What makes an agent "multi-step"
Multi-step agents are Claude-powered systems that chain two or more distinct tasks together, with the output of each step feeding the next, and minimal human input required between steps. The agent might search for information, process it, write a result, and send it — all in one run.
The key design challenge is not the individual steps. It is the handoffs between them. A bug in step two corrupts every step that follows. An unexpected output format in step three breaks the parser in step four. The checklist below targets these handoff points.
The pre-ship checklist
Work through this list in order. Each item represents a failure mode observed in real agent deployments.
Prompt isolation
- [ ] Each step has its own system prompt. No step inherits instructions from another.
- [ ] The system prompt for each step specifies exactly what format the output should use.
- [ ] You have tested each step independently with edge-case inputs before connecting them.
Output validation
- [ ] You validate the structure of each step's output before passing it to the next step.
- [ ] If a step returns unexpected output, the agent stops rather than continuing with bad data.

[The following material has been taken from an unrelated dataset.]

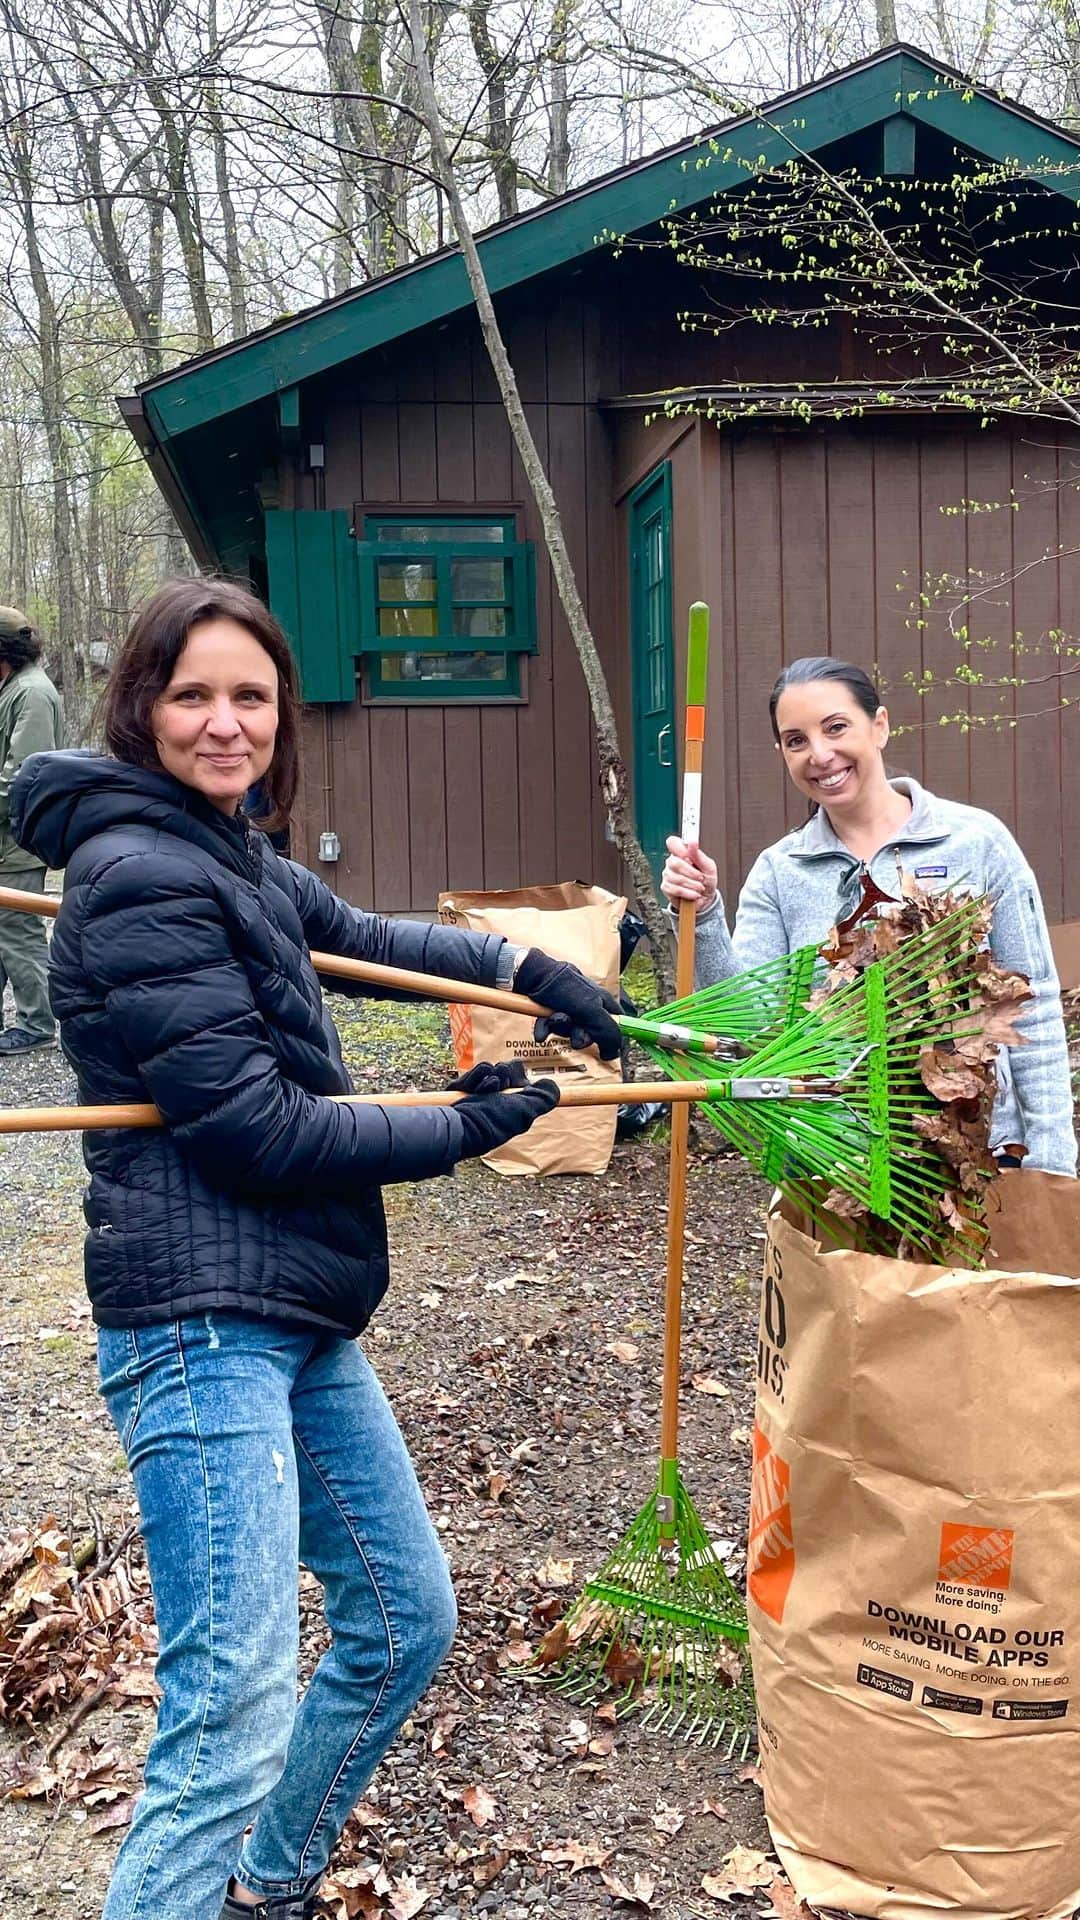 Weledaのインスタグラム：「Happy Earth Day! 🌿🌎 This week our team at Weleda North America volunteered at Cranberry Lake Preserve with Pitch in for Parks to help clean up and support biodiversity!   Our team helped support Mother Earth by: 🌿 Invasive plant management by removing barberry and other invasive species 🌿 Planting beech tree saplings 🌿Cleaning up the nature center by raking leaves, weeding, and painting the fence  We hope you spend some time in nature today and celebrate the beautiful place that we call home! #EarthDay」

- [ ] You have a test case where step N produces malformed output and verified the agent halts cleanly.
Error handling
def run_agent_step(prompt: str, step_name: str) -> str:
try:
response = client.messages.create(
model="claude-opus-4-5",
max_tokens=2048,
messages=[{"role": "user", "content": prompt}]
)
output = response.content[0].text
if not output or len(output.strip()) < 10:
raise ValueError(f"Step '{step_name}' returned unexpectedly short output.")
return output
except Exception as e:
print(f"Agent halted at step '{step_name}': {e}")
raise
- [ ] Every step call is wrapped in error handling.
- [ ] Errors are logged with the step name, input length, and timestamp.
- [ ] The agent does not silently swallow errors and continue.
Cost controls
- [ ] You have set
max_tokenson every step. There is no unbounded call. - [ ] You have estimated the total token cost per agent run at average input size.
- [ ] If the agent runs on a schedule, you have calculated monthly cost at expected volume.
Logging
- [ ] Every step logs: step name, model, input token count, output token count, latency.
- [ ] Logs are written to a persistent store, not just stdout.
- [ ] You can replay a failed run from logs without re-running the whole agent.
One step to take right now
Pick the agent you are closest to shipping and run it through the checklist. Mark every item you can honestly check off today. The gaps you find are your actual shipping blockers — not polish, not features. Fix those gaps, then ship.